YODAS: Youtube-Oriented Dataset for Audio and Speech
This provides a valuable resource for researchers and practitioners in speech and audio processing, enabling broader access to multilingual data, though it is incremental as it builds on existing dataset collection methods.
The authors tackled the lack of large-scale, publicly available multilingual speech datasets by introducing YODAS, a dataset with over 500k hours of speech in more than 100 languages sourced from YouTube, which includes labeled subsets for supervised training and unlabeled subsets for self-supervised learning.

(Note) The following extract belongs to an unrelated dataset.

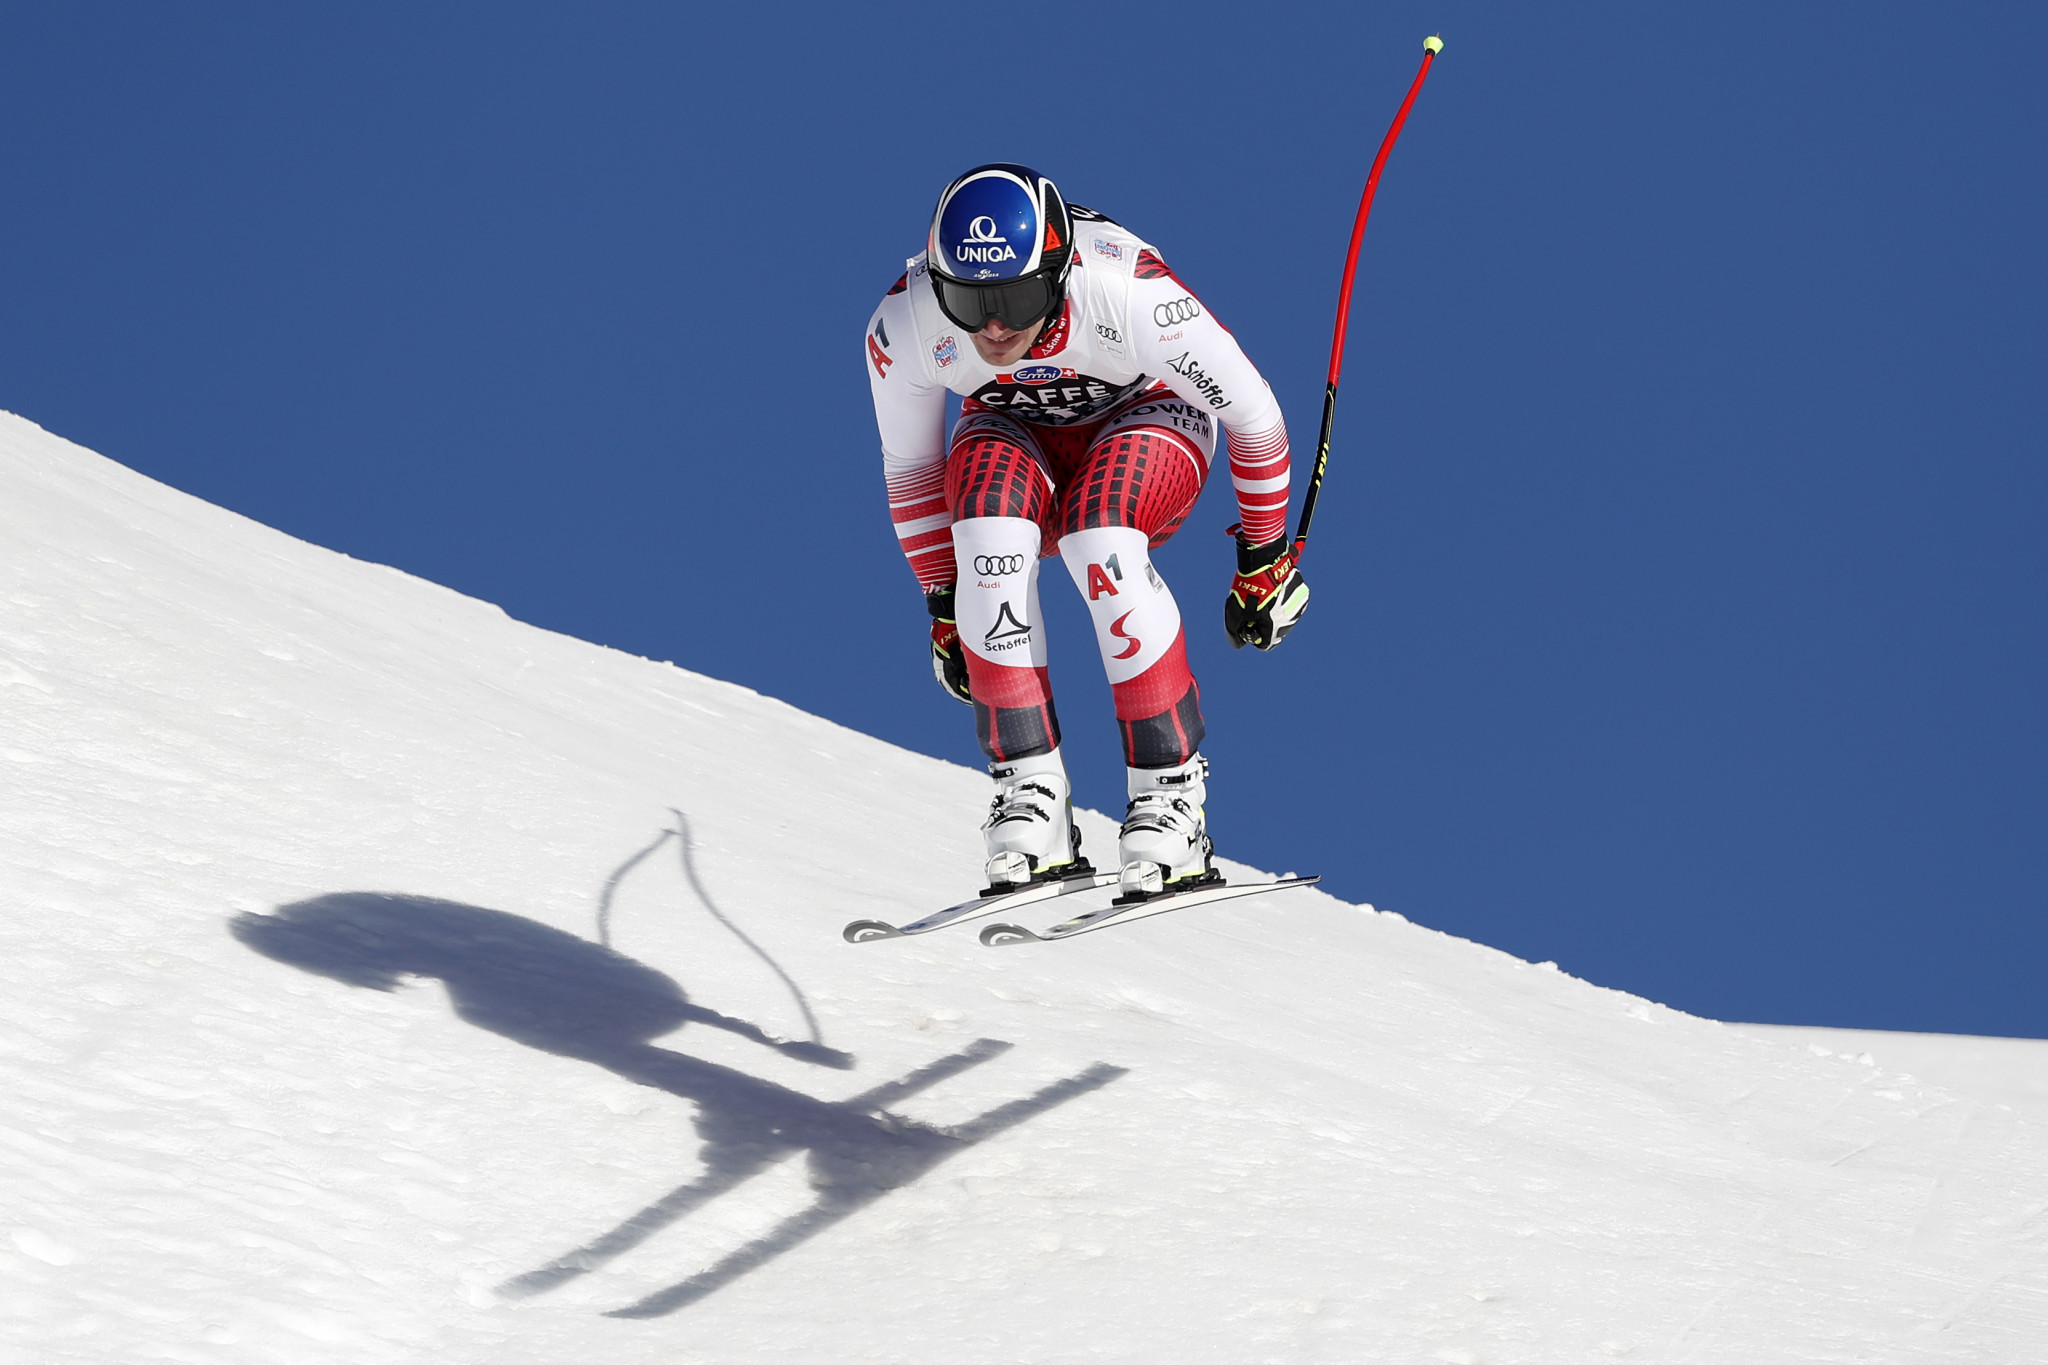 Matthias Mayer impressed in training for the FIS Alpine Ski World Cup event in the Swiss resort of Wengen ©Getty Images
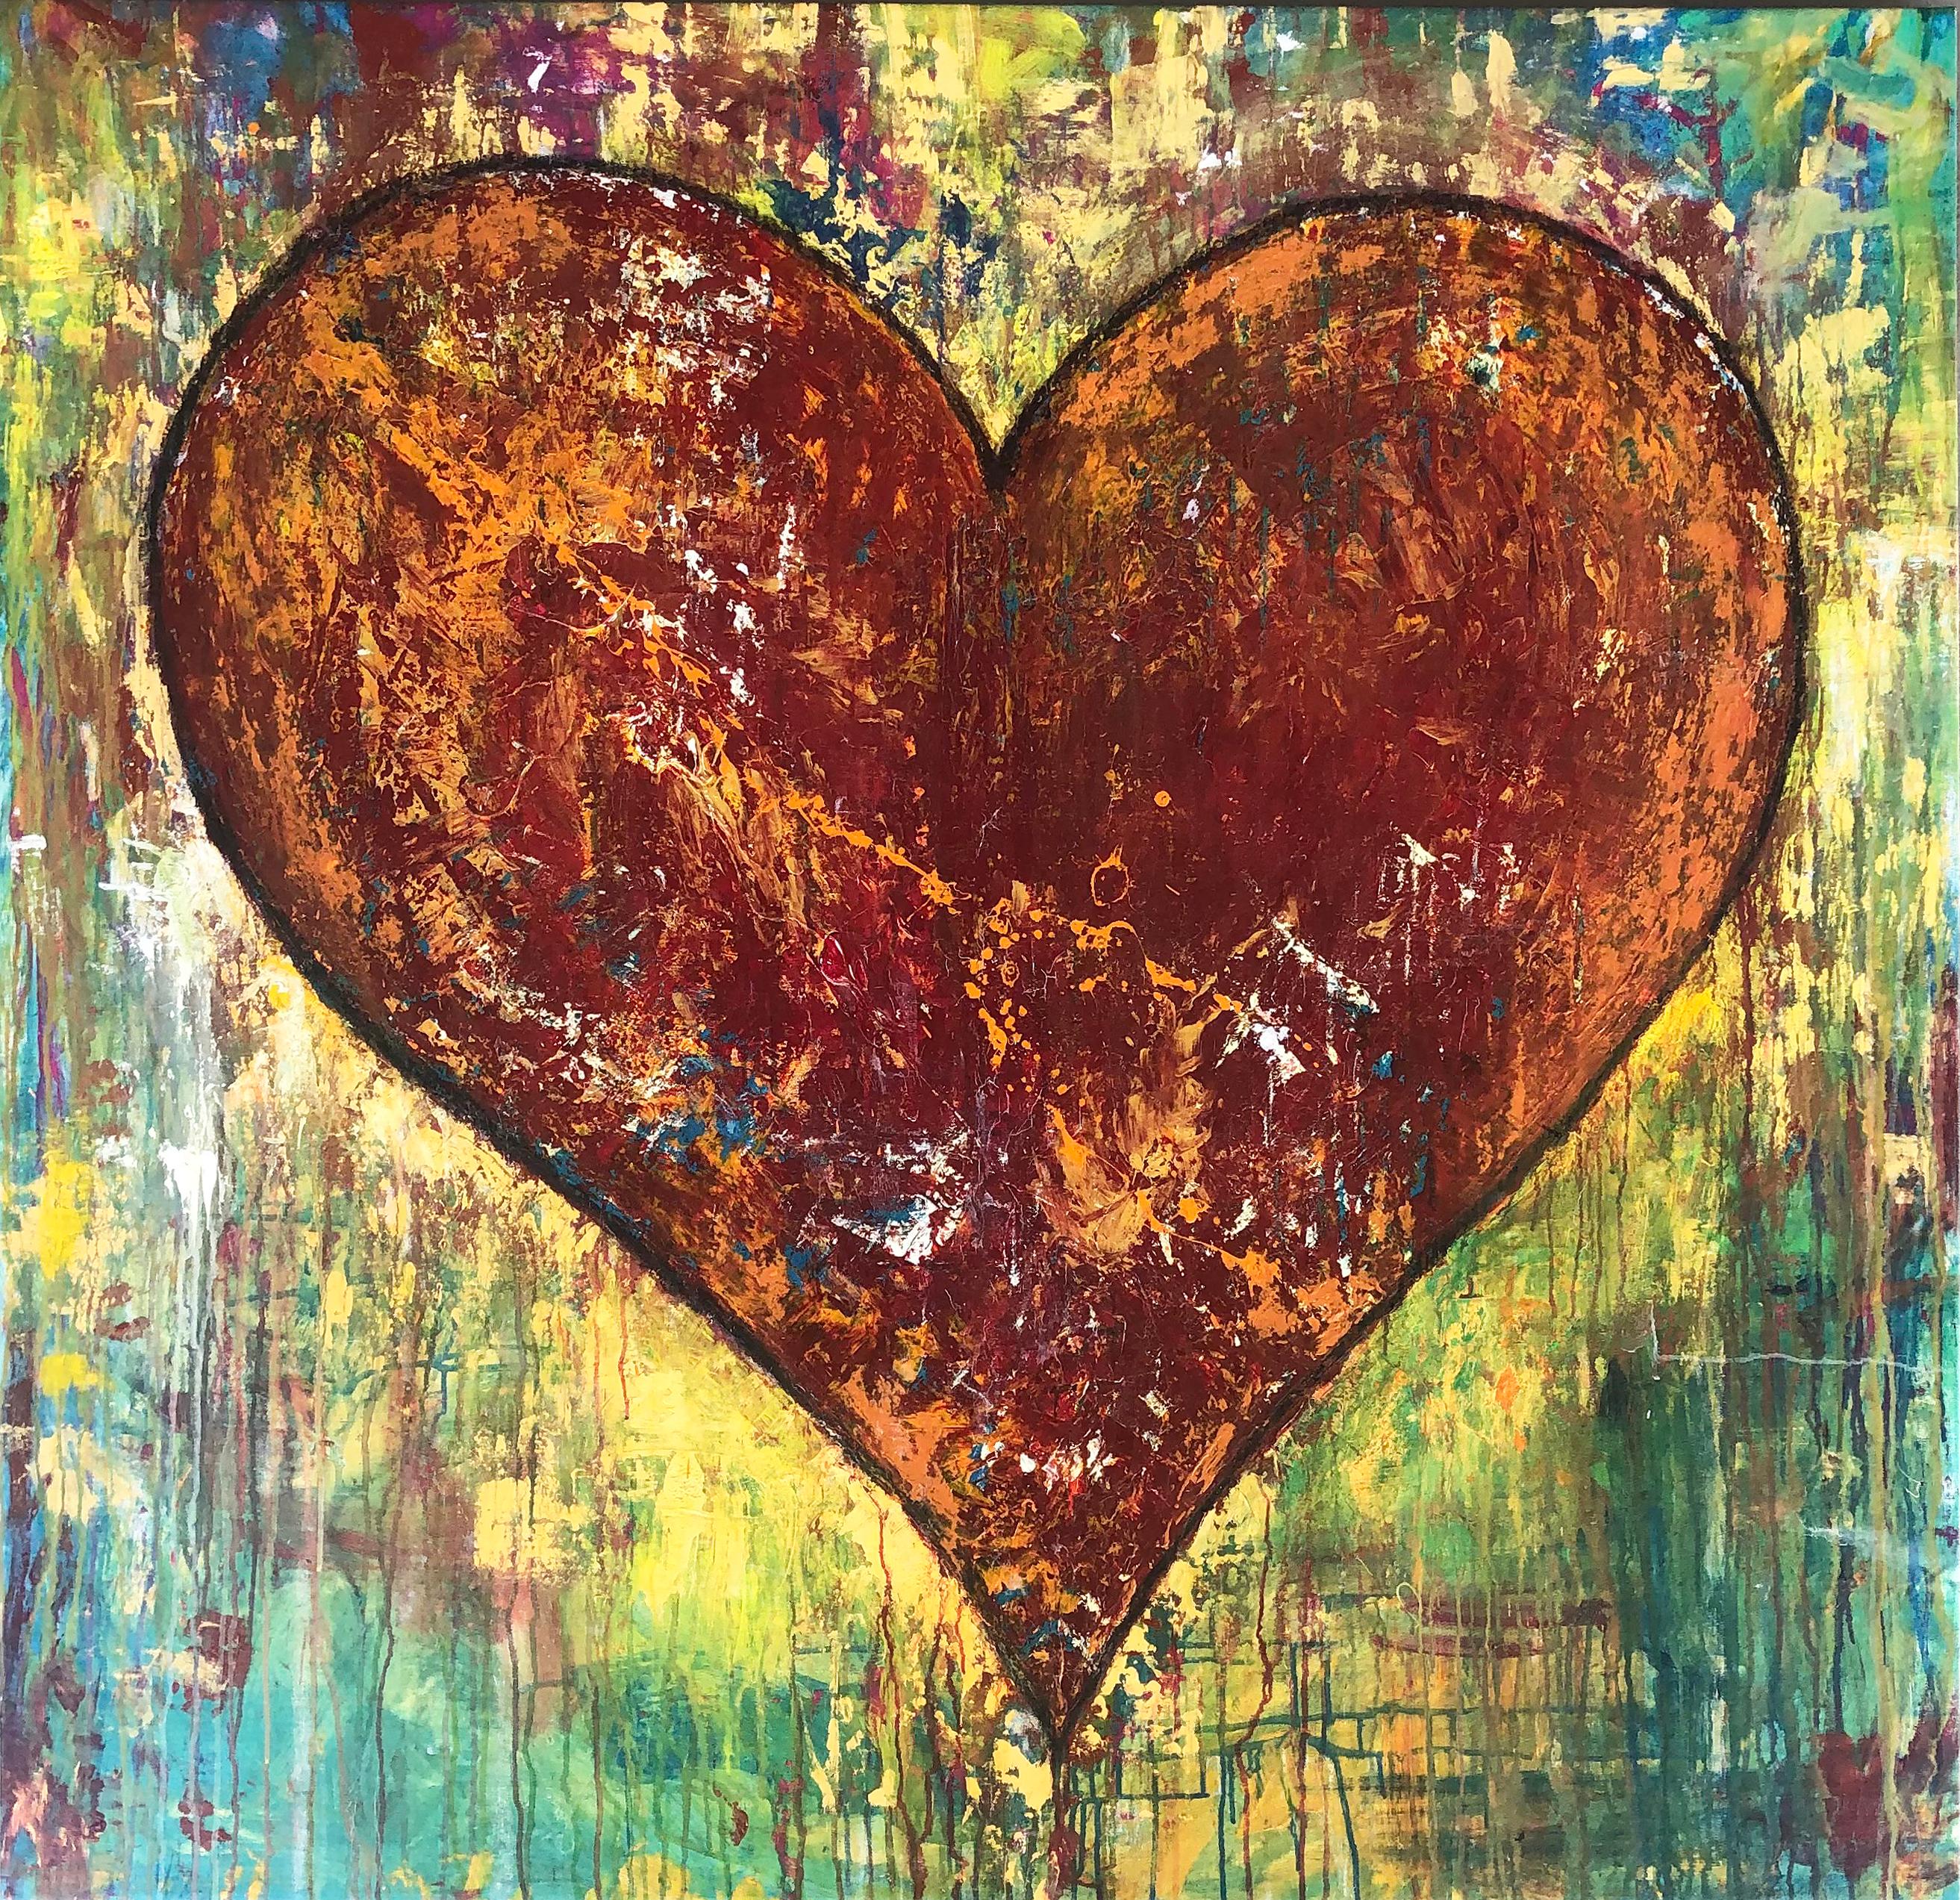  Large Vintage Cristina Dalcomune Abstract Heart Painting, Signed & Dated 2016 In Good Condition For Sale In Miami, FL

In this study, we introduce YODAS (YouTube-Oriented Dataset for Audio and Speech), a large-scale, multilingual dataset comprising currently over 500k hours of speech data in more than 100 languages, sourced from both labeled and unlabeled YouTube speech datasets. The labeled subsets, including manual or automatic subtitles, facilitate supervised model training. Conversely, the unlabeled subsets are apt for self-supervised learning applications. YODAS is distinctive as the first publicly available dataset of its scale, and it is distributed under a Creative Commons license. We introduce the collection methodology utilized for YODAS, which contributes to the large-scale speech dataset construction. Subsequently, we provide a comprehensive analysis of speech, text contained within the dataset. Finally, we describe the speech recognition baselines over the top-15 languages.